Ninja provides truly strange parenting advice to people who have kids | #parenting | #parenting | #parenting | #kids

Like any person on YouTube worth their salt, of course gaming star Ninja will find himself in some scandal from time to time. It’s why a little new Ninja controversy shouldn’t exactly stop anyone in their tracks, as Tyler Blevins managed to keep the world going round over on the video sharing platform.

In a new profile by The New York Times, our neighborhood friendly Ninja was being profiled for what was mostly a general puff-piece, but then magic happened. Tyler Blevins has thoughts on parenting… kind of!

“You want to know who your kid is? Listen to him when he’s playing video games when he thinks you’re not. Here’s another thing: How does a white kid know he has white privilege if his parents never teach him or don’t talk about racism? If they’re gaming and their first interaction with racism is one of their friends saying the N-word and they have no idea what it is—what if it was on my stream? Is it my job to have this conversation with this kid? No, because the first thing that’s going on in my head is, ‘This kid is doing this on purpose to troll me.’ If someone says a racial slur on someone else’s stream, it can potentially get that streamer banned. It’s awful, but that’s the first thing I think of.”
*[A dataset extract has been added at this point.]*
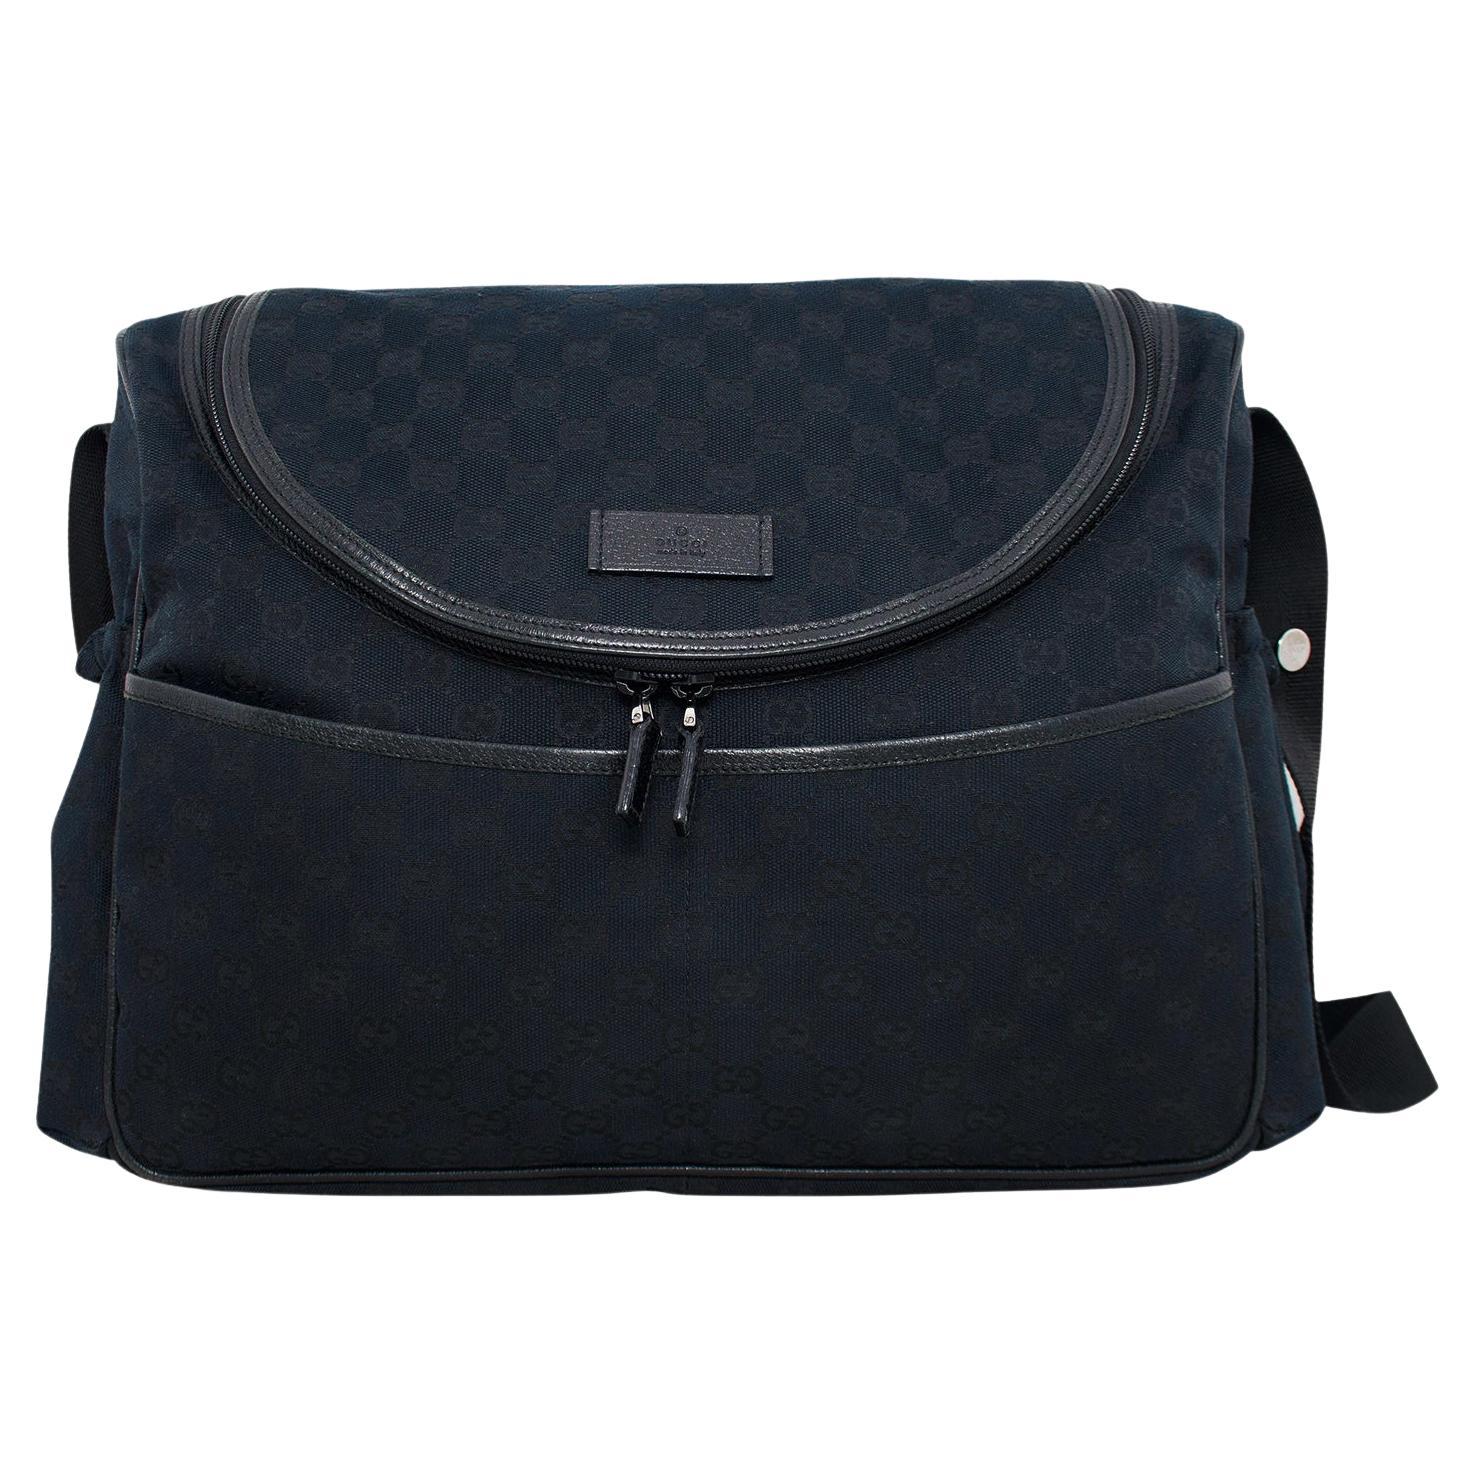 Early 2000s Gucci Black Monogram Canvas Diaper Bag  For Sale

He is, of course, not wrong that he should be parenting children for other people. Where the alleged Ninja controversy kicks in is in that same interview, he then let off some bombs on his stance about kids (again), “temptations” that apparently come with hanging out with women, and the ‘woe fame is hard, kids’ and the like.

“When we came back from Mixer, I knew that I wasn’t going to be the biggest streamer in terms of viewers anymore. You don’t be the No. 1 streamer, leave, come back and you’re No. 1 again. I get people coming in my chat, and they’re like: ‘You’re falling off. LOL. Good Mixer move, man.’ The Mixer move was smart. I don’t regret anything I’ve done. I could teach all these kids talking [expletive], but when you reply to them, they’re like, ‘He said my name!’ Their name is 69fartsniffer, and you read their name, and their next comment after they roasted you is them giggling like a little schoolgirl. Like, ‘You noticed me!’ It’s the worst.”

Here’s probably the one that’ll make the most rounds, as Ninja talks about his lack of gaming with women.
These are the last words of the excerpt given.